Normally, packets are transmitted more than once a millisecond (up to 8 or ten 
per millisecond), but occasionally there are periods of ~150ms where no data is 
transmitted.  The receive window has not closed, and there is not indication of 
dropped packets or retransmission in the log file.


  [TT] It could be that the transmit window (assuming TCP) is full.  It could 
also be something to do with the multitude of #defines that tune the 
performance/space in opt.h.  Some sniffer logs may shed some light on the 
issue.  What window size does the remote end advertise?

  The remote end advertises a 64k window size.  I wasn't clear on a lot of the 
#defines - I've attached my option header file, could you comment? Is there 
somewhere I have limited my transmit window to just a few segments?

  4) Still without DHCP, I observe ~2s stalls.  These appear to be caused by >1 
dropped packet, which results in the first dropped packet being resent by fast 
retransmission, and all other packets being resent by the retransmission timers.

  [TT] This sounds like half-duplex Ethernet operation to me.  Make sure you 
don't have any half-duplex hubs floating around on your network.  These will 
cause random wait times on the order you mentioned.

  I confirmed that the 3 devices comprising my LAN (embedded device, hp switch, 
and ibm laptop) are all at least 10/100 auto negotiate half/full duplex, and 
the ibm laptop is a 1Gb device.  Other than forcing the devices to 100Mb Full 
duplex, is there a way to confirm that nobody is operating at half duplex?  Can 
you clarify why a half-duplex hub would cause random waits?


  Can anyone confirm that any or all of these behaviors is unexpected in a LAN 
environment (RTT normally <1ms)?  Although I'm new to this, it seems surprising 
that my little LAN with <15' CAT5 cable segments is so likely to have corrupted 
or lost packets.  

  [TT] An old hub or faulty connector can cause all sorts of issues.  I'd 
revert back to as simple a network as possible, and proceed from there, adding 
segments until some bad behavior is exhibited.

  I can try this with just a crossover cable, but there's not much room to go 
simpler.  For the DHCP problems, can you recommend a simple way to add a DHCP 
server without connecting into my full office network?


  Can anyone give me some guidance on what to expect regarding lost packets?  

  [TT] An analysis I did some time back for an avionics platform concluded that 
I could expect that the phy, at a minimum, would cause one lost/corrupt packet 
per 24 hour period on a 3 in. long peer to peer link.  It seems to me that a 
dozen a day on a small network would not be unusual.
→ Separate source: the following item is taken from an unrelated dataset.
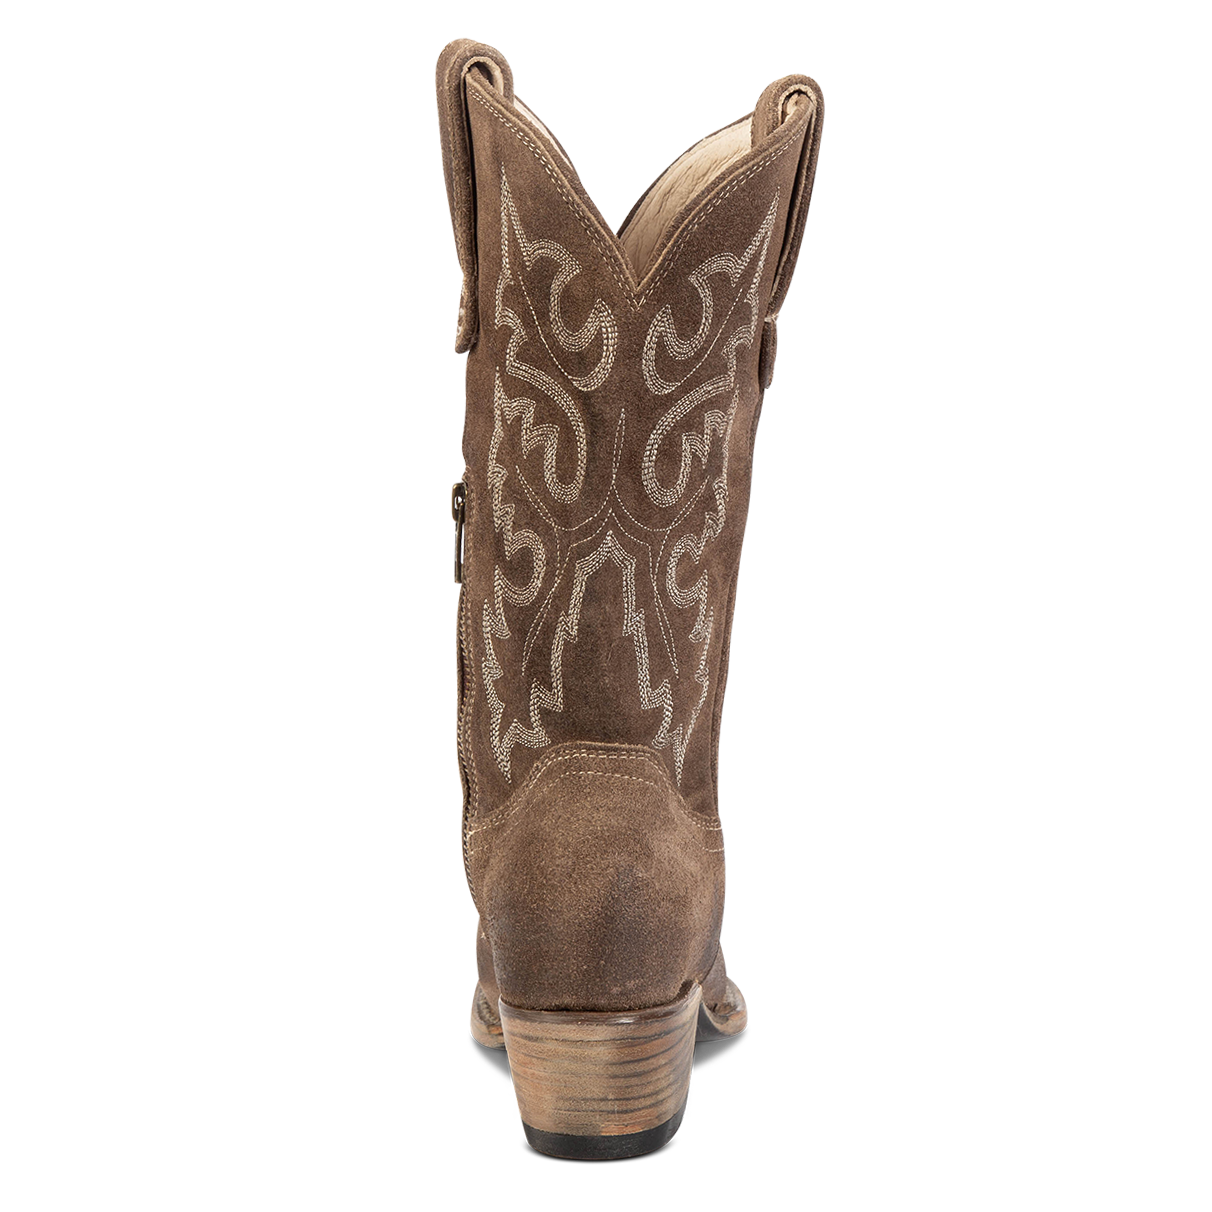 Back view showing intricate stitching and low heel on FREEBIRD women's Wilson grey suede western boot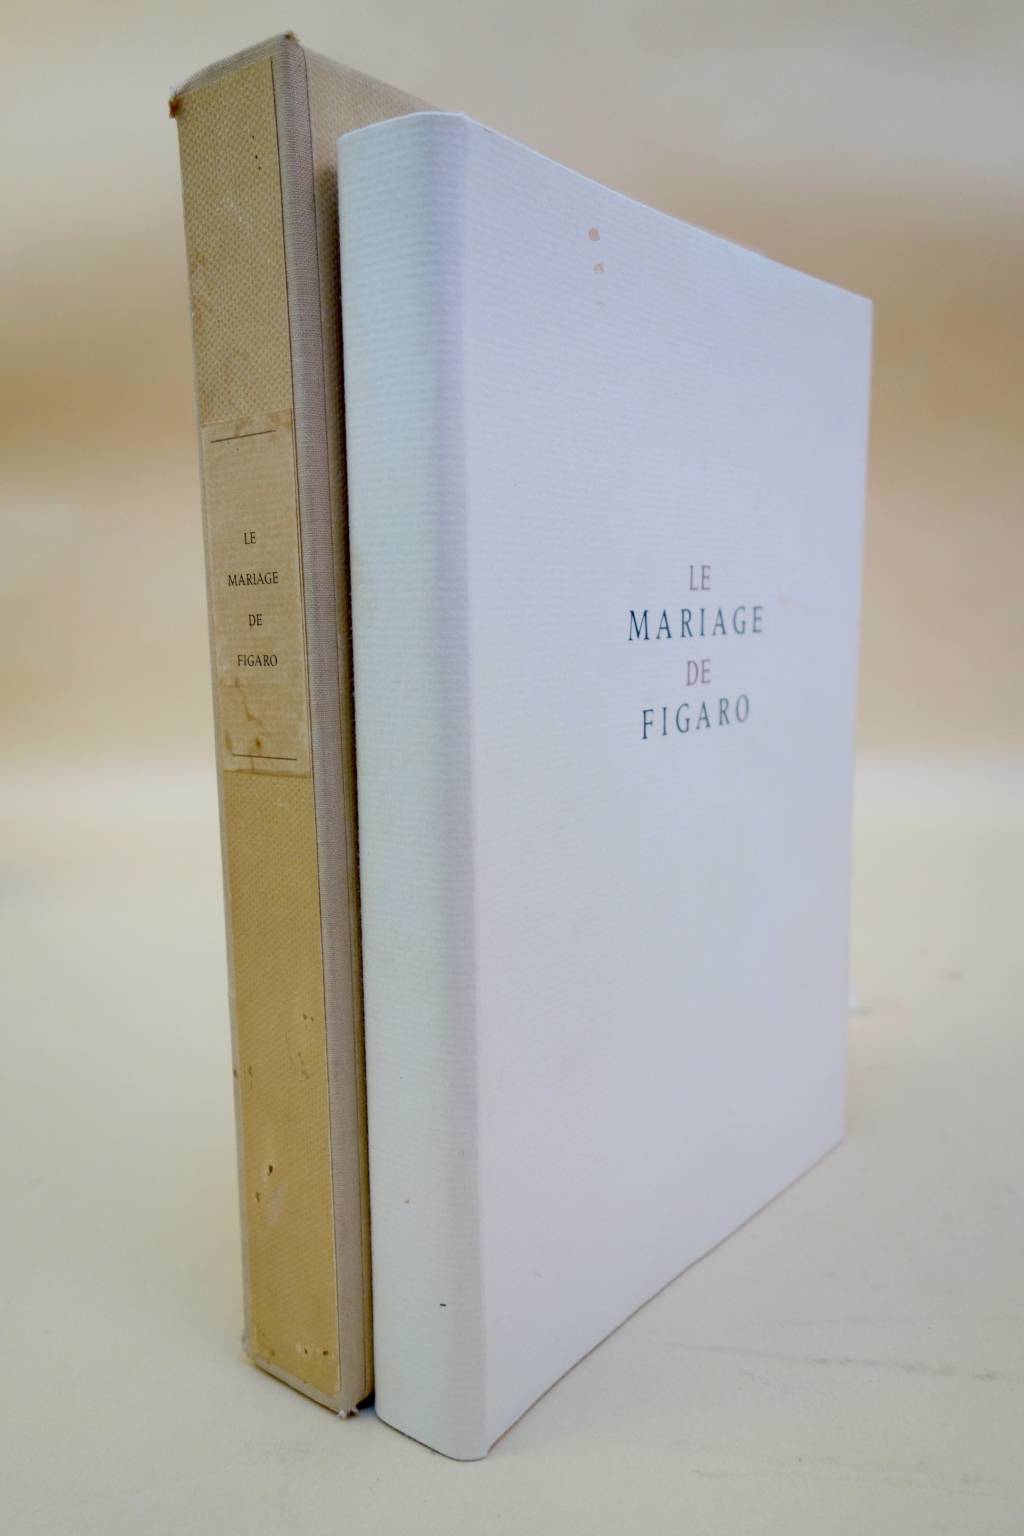 Photon deluxe Figaro cover and box

  A dozen a day doesn't sound unreasonable.  I'm currently able to generate 
what I assume are lost/corrupt packets within a 20 or 30 second log file.


  Are the recovery processes I've observed correct behavior?  Should only a 
single packet be resent usign fast retransmission?  Is there anything inherent 
in the stack that could cause brief pauses in the data stream?  Why does using 
DHCP apparently make it so difficult to establish and maintain a 
high-throughput connection, particularly since there doesn't seem to be any 
other traffic on the LAN?


  Apologies for the multiple questions, but I needed to start somewhere, and 
I've already reached the limit of what the Analog Devices' support engineers 
can help with.  I can provide the log files from Wireshark if that would be 
helpful, but some are very large (tens of megabytes).  I'd also be interested 
if anyone can suggest other resources to further my understanding of networking 
and TCP/IP issues.

  [TT] You'd start by locating the portions of the capture logs that show 
aberrant behavior. 

  I'll follow up with those logfiles shortly.  Is there an easier way to cut 
them down to size than using the editcap command-line utility?